Records for this task:
* * * * * * *
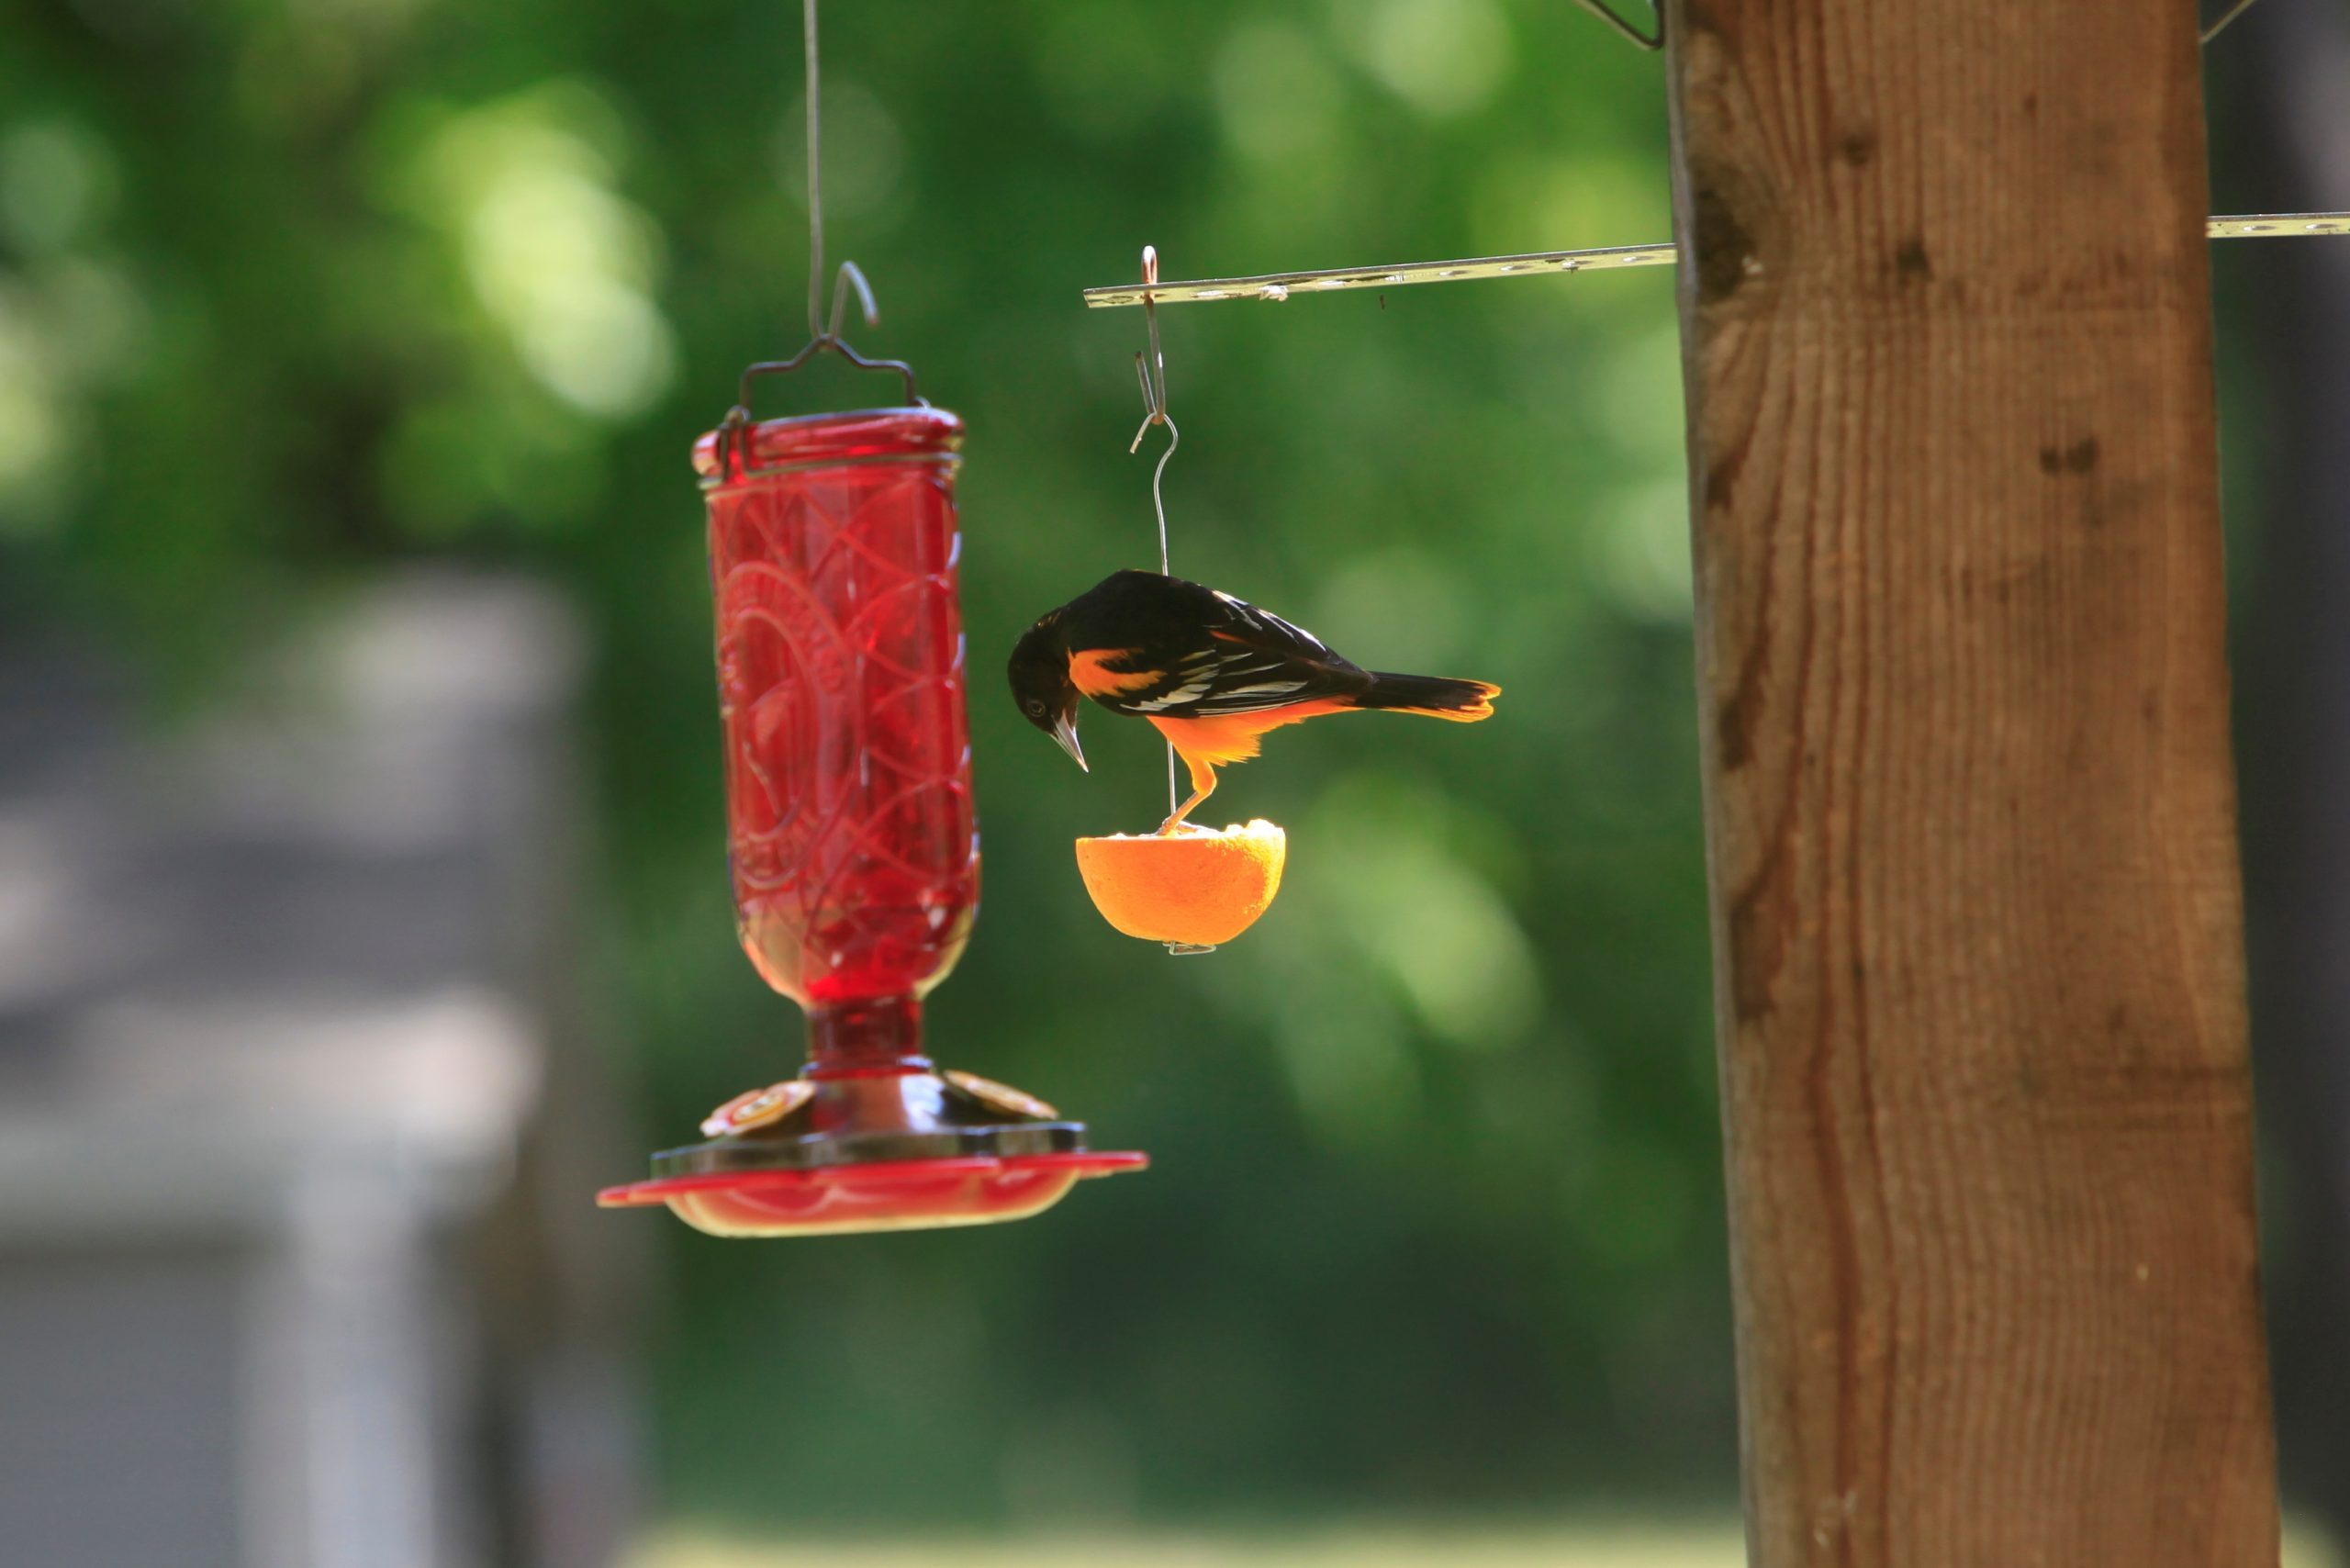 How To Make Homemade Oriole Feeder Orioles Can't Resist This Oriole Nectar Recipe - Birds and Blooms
* * * * * * *
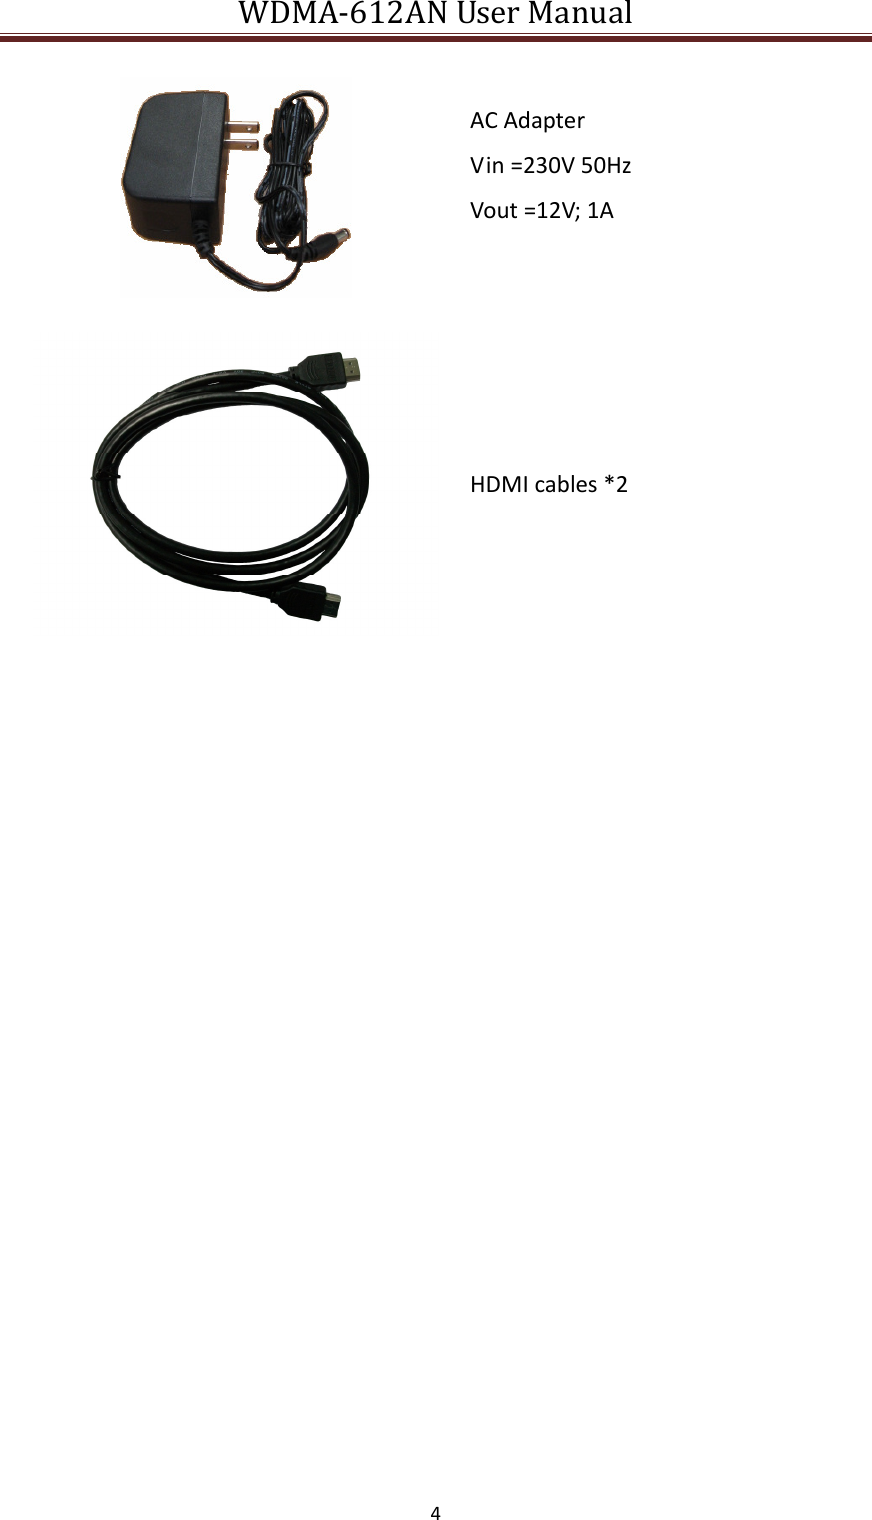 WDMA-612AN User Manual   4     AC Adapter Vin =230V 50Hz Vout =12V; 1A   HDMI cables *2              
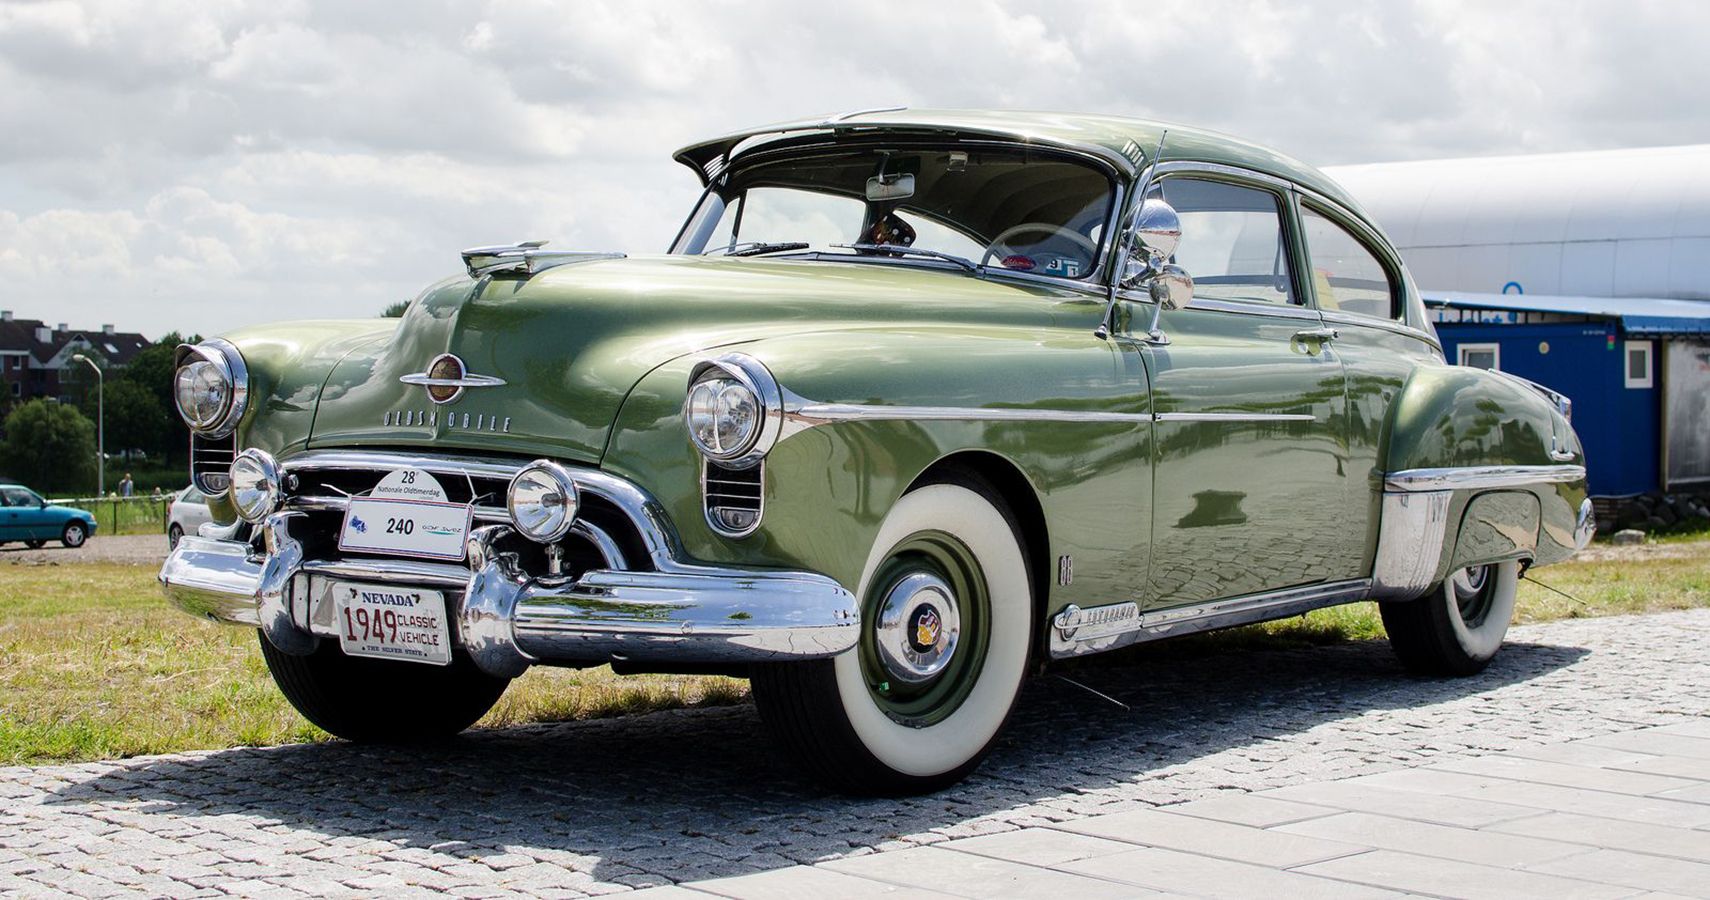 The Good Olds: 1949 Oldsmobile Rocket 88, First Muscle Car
* * * * * * *
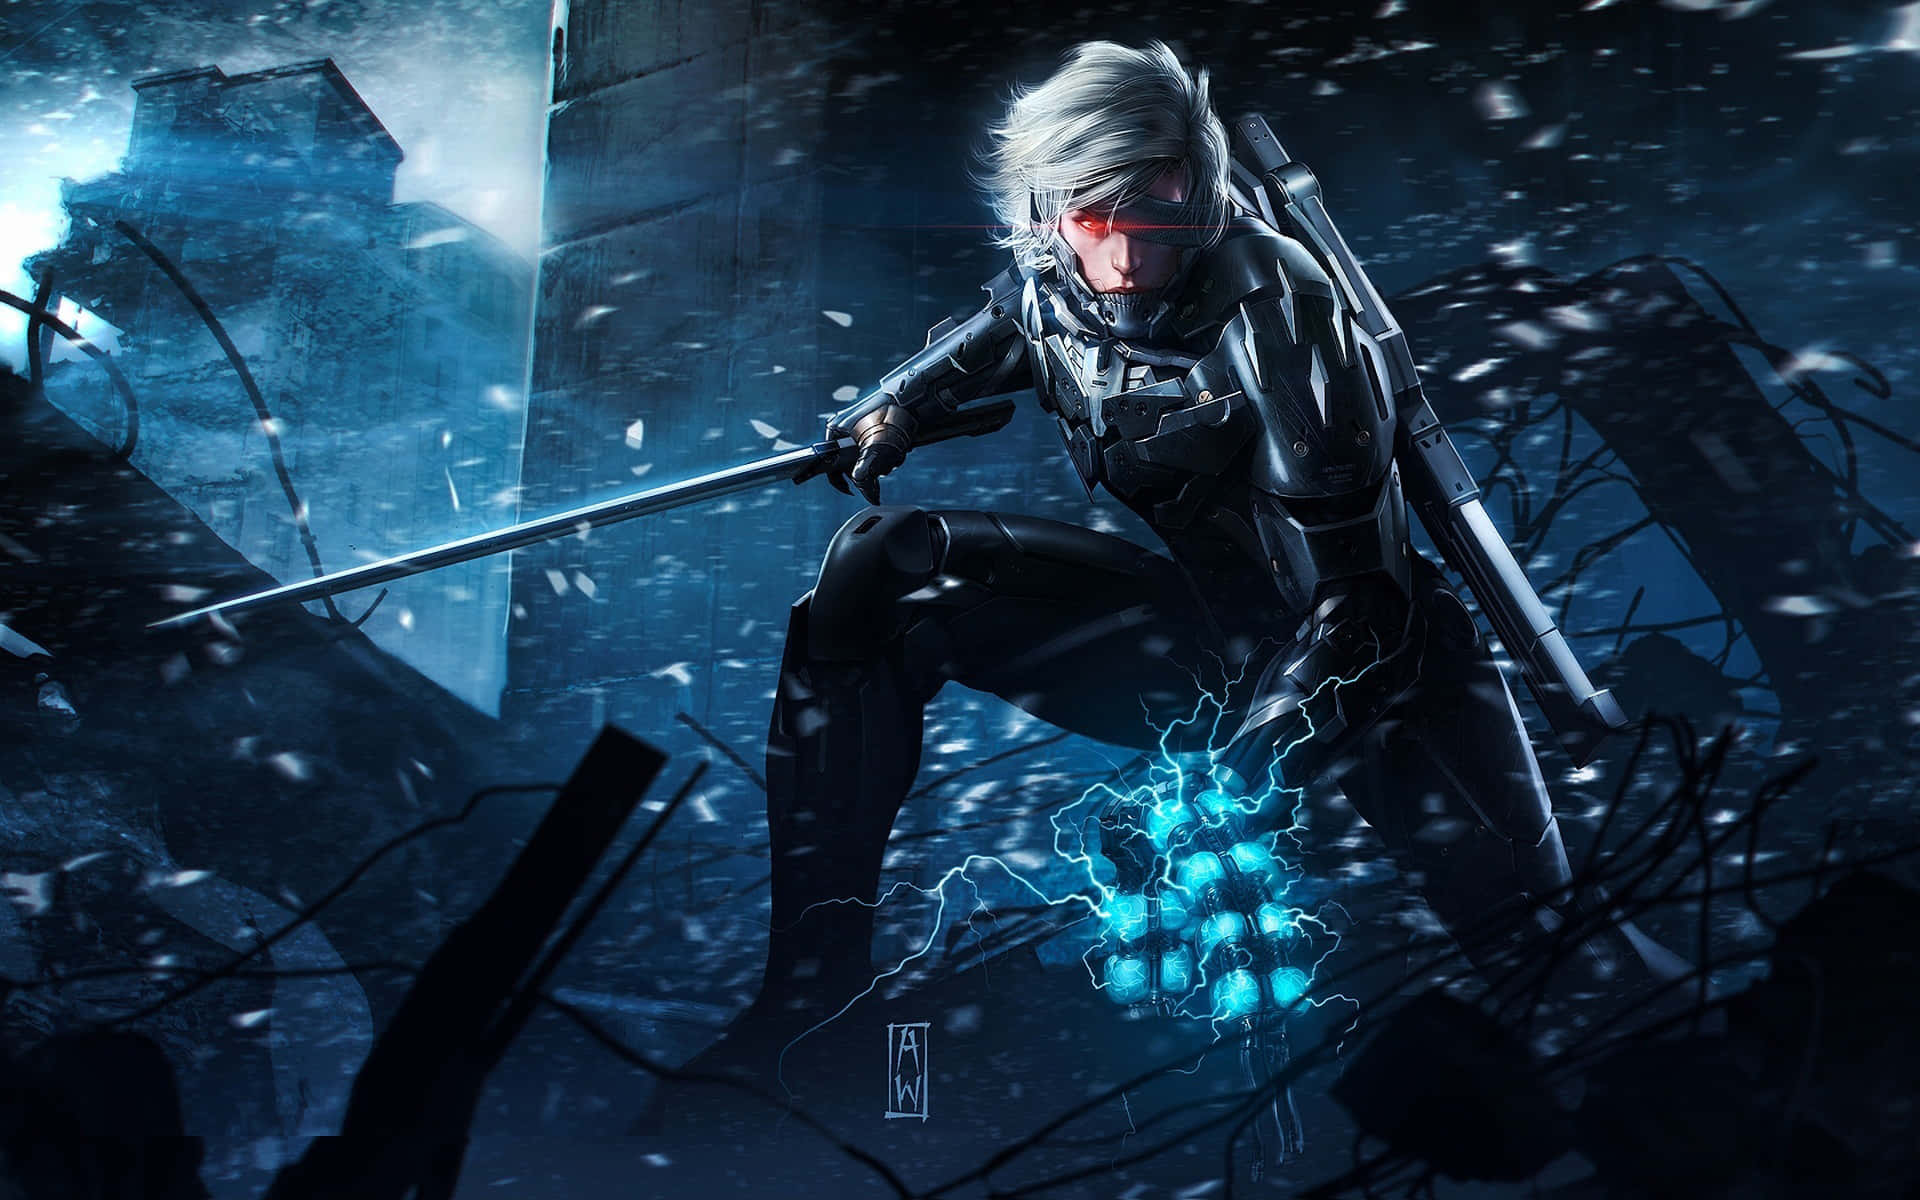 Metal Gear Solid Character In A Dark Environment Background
* * * * * * *
From the line holding "WDMA-612AN User Manual" to the line holding "The Good Olds: 1949", both included, retype the entries above exactly and drop the pictures.

Exercise result:
 WDMA-612AN User Manual   4     AC Adapter Vin =230V 50Hz Vout =12V; 1A   HDMI cables *2              
 The Good Olds: 1949 Oldsmobile Rocket 88, First Muscle Car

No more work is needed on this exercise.